The decision to crowd fund the new album has allowed the band to take a fresh approach with the new album and work unhindered to create the strongest possible new work. With all of the generosity and support the band has received, the campaign has been successful and the band are now looking forward to beginning work on the album in March.

The band also offered previews of the pre-production process for the sixth album on its official YouTube channel—the first preview was published on 17 December 2012, while subsequent video segments were published on 14 January 2013 and 28 January 2013.

Temperley revealed in a pre-album-release interview that the band felt "dusty" following the decreased popularity of Ghosts of the Past. He explained, "We needed a third party to come in so we could just be a band" and stated that the band was motivated to hire producer Burke Reid after he admitted that he was not a fan of their music. Temperley also provided insight into the album's musical influences, citing Leonard Cohen and stating, "I always refer back to the sounds I have always loved and for me Beck and LCD Soundsystem are where it's at." Two synthesizers that belonged to Temperley, a Jupiter 4 and a Roland Compurhythm 100, were used during the entire recording process.

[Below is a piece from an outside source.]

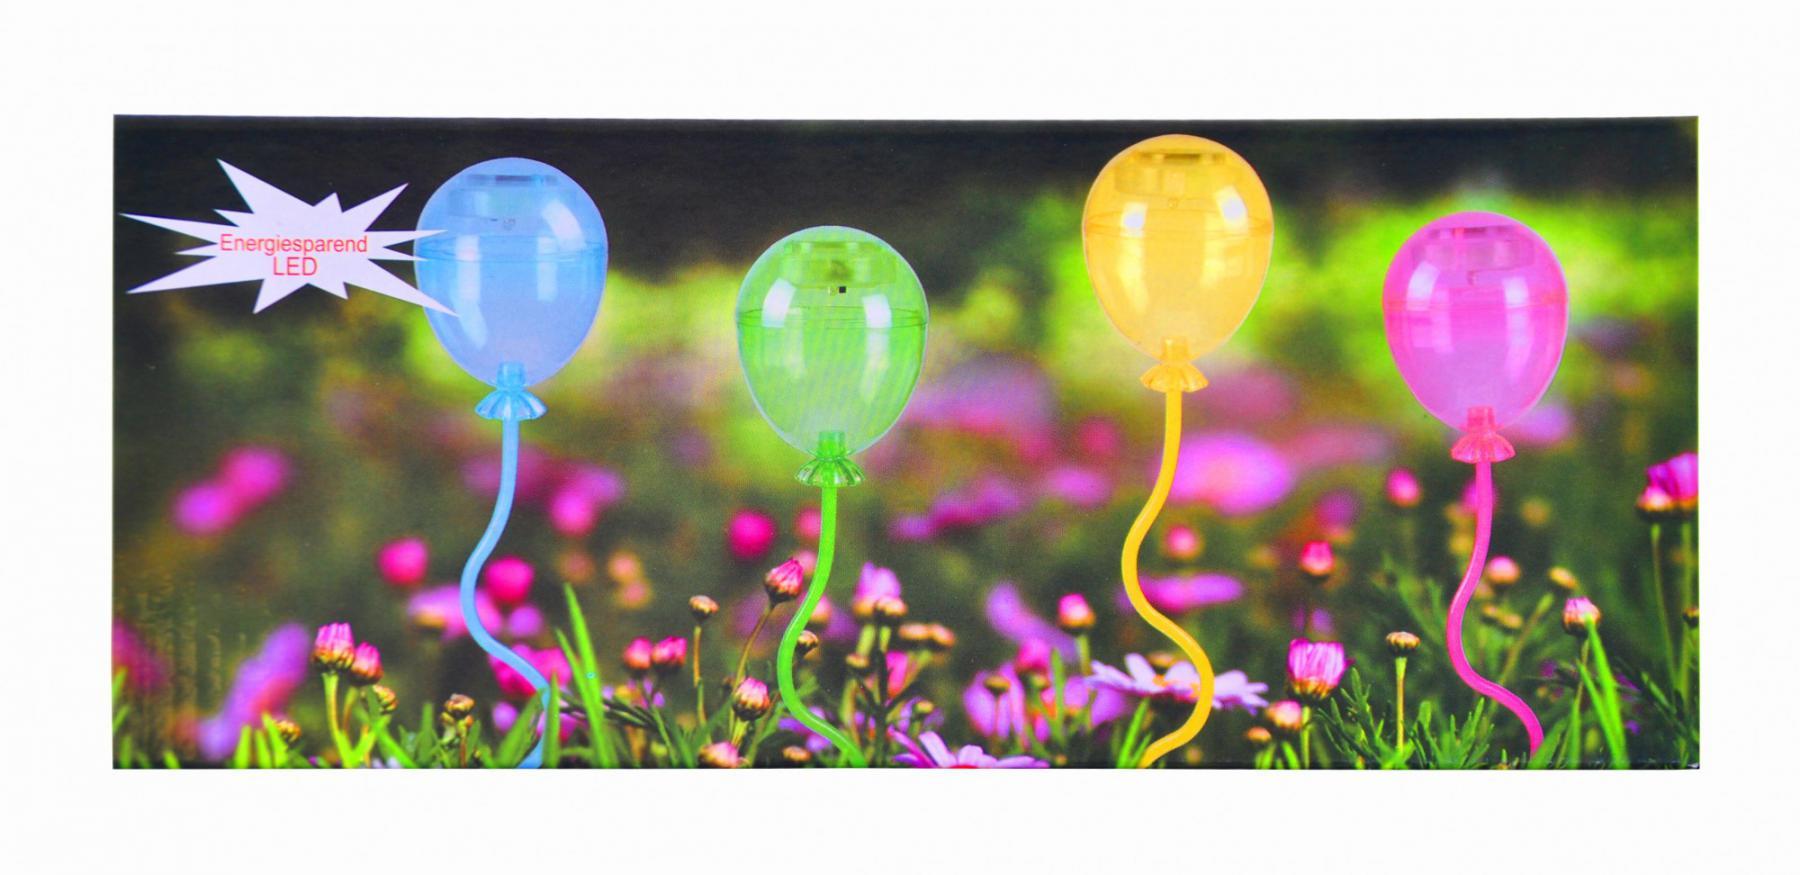 solar led 4er ballon set mit schalter leuchtdeko deko. Black Bedroom Furniture Sets. Home Design Ideas
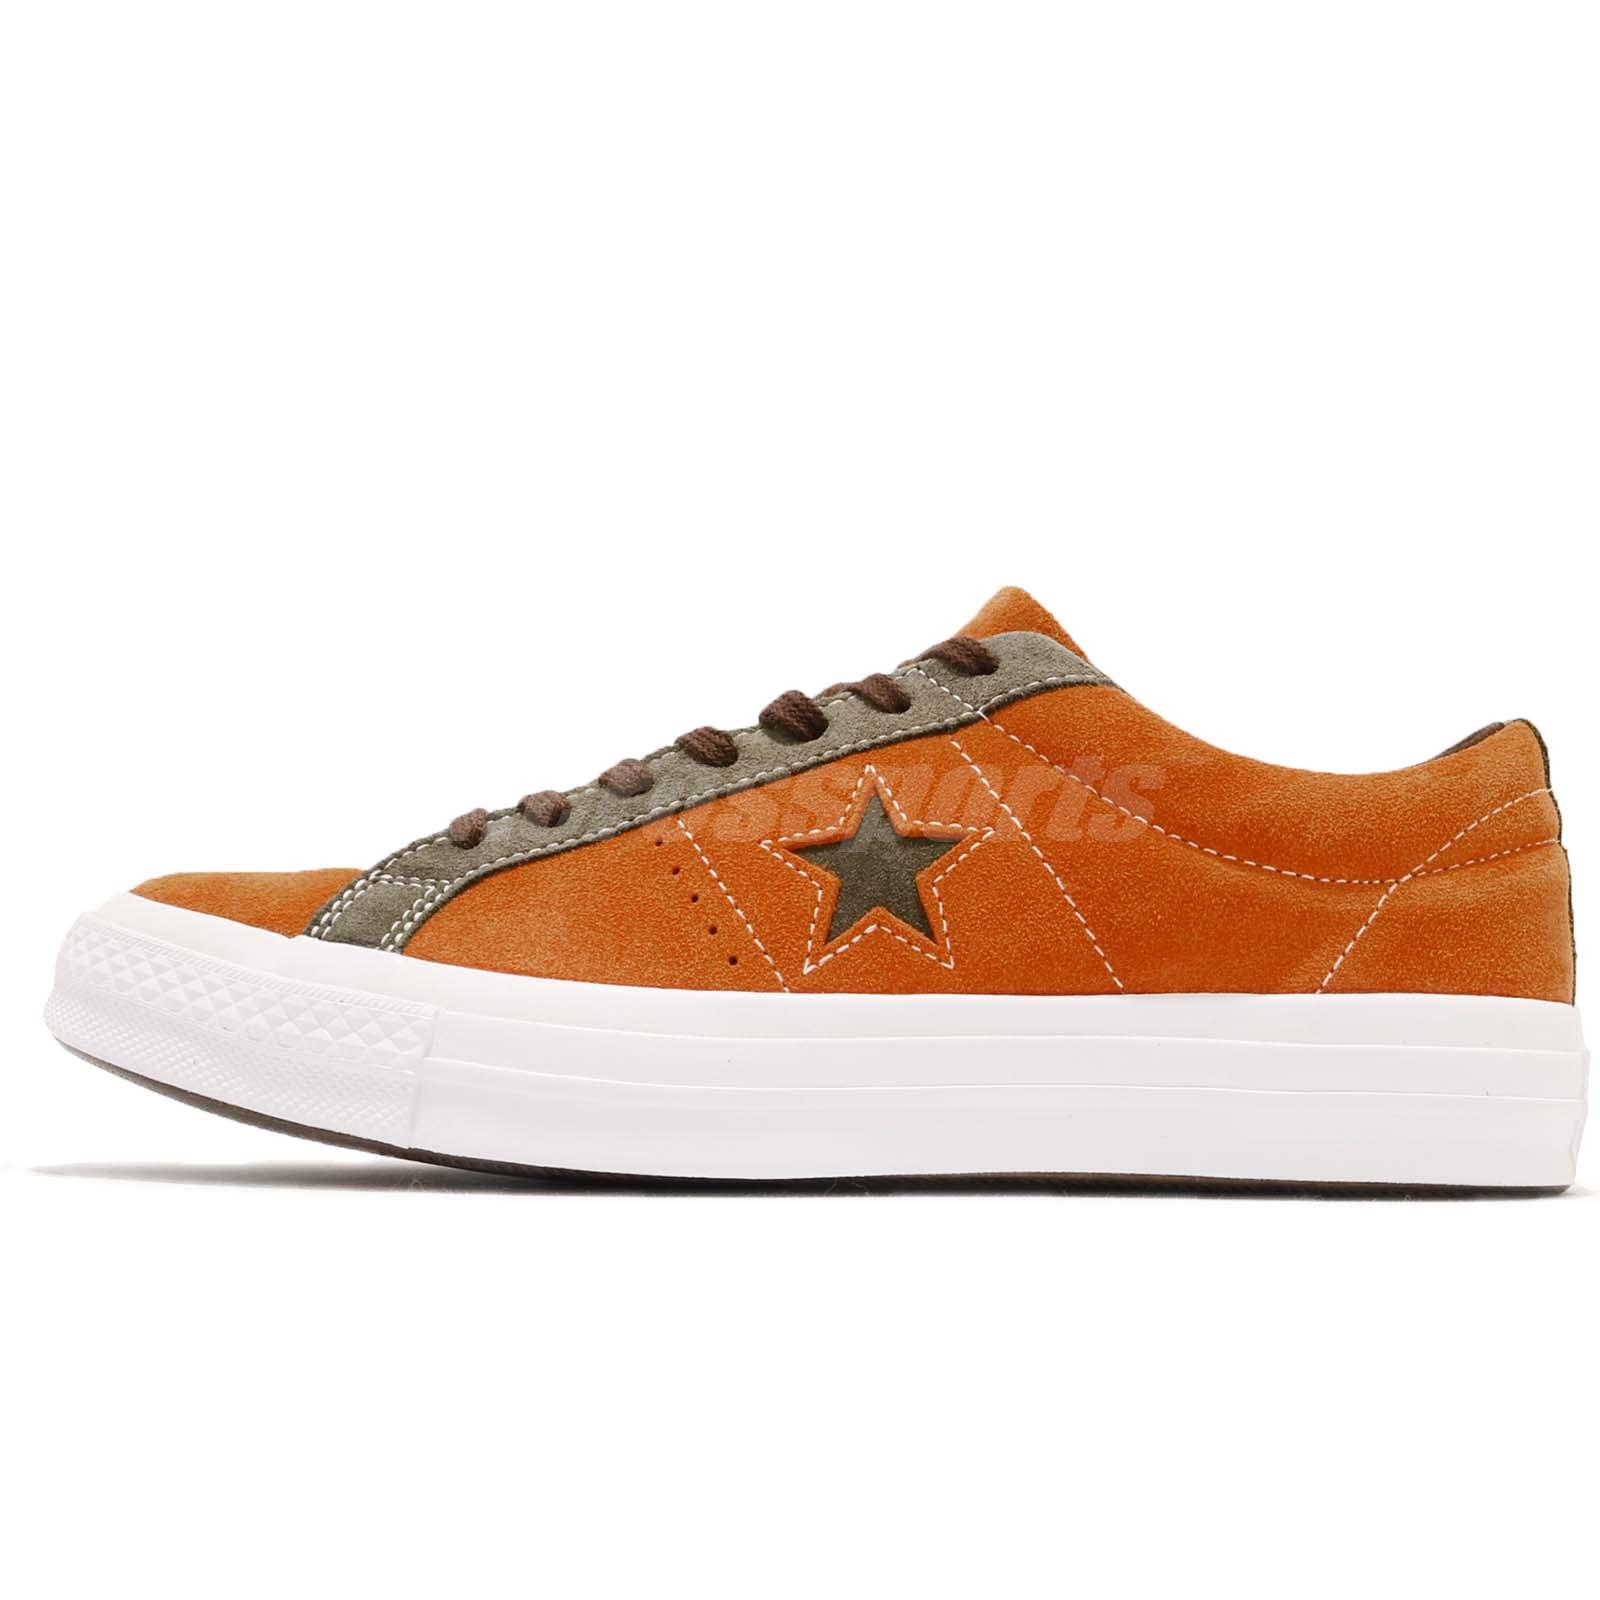 Converse One Star Orange Green White Suede Men Women Casual Shoe

The release of Wastelands on 20 September 2013 was accompanied by a livestreamed session (using the Soundrop app, part of the Spotify music website) consisting of a live chat and a performance of the new album.

===2020–present: The World Repeats Itself Somehow===
On 26 June 2020, Eskimo Joe released "Say Something", their first single in seven years.

In September 2021, the band announced their first greatest hits album, The World Repeats Itself Somehow, which was released on 10 December 2021.

==Tours==
In November 2006, Eskimo Joe played at the CMJ Music Festival in New York City, returning to Australia for Southbound in Western Australia and the Falls Festival in Victoria and Tasmania. They performed on all legs of the 2007 Big Day Out concerts. In July, they played at the Australian leg of Live Earth in Sydney. At the end of that month, they had a secret gig in Perth under a pseudonym, The Andy Callison Project, as a warm-up to their US tour. Joining Eskimo Joe's line-up for live shows were Lee Jones on keyboards and Shaun Sibbes on drums. In January 2008, Eskimo Joe performed in New York, Houston and Los Angeles as part of the annual G'day USA – Australia Week. Later that year, the group performed at both the East Coast and West Coast Blues & Roots Festivals (Byron Bay and Fremantle, respectively).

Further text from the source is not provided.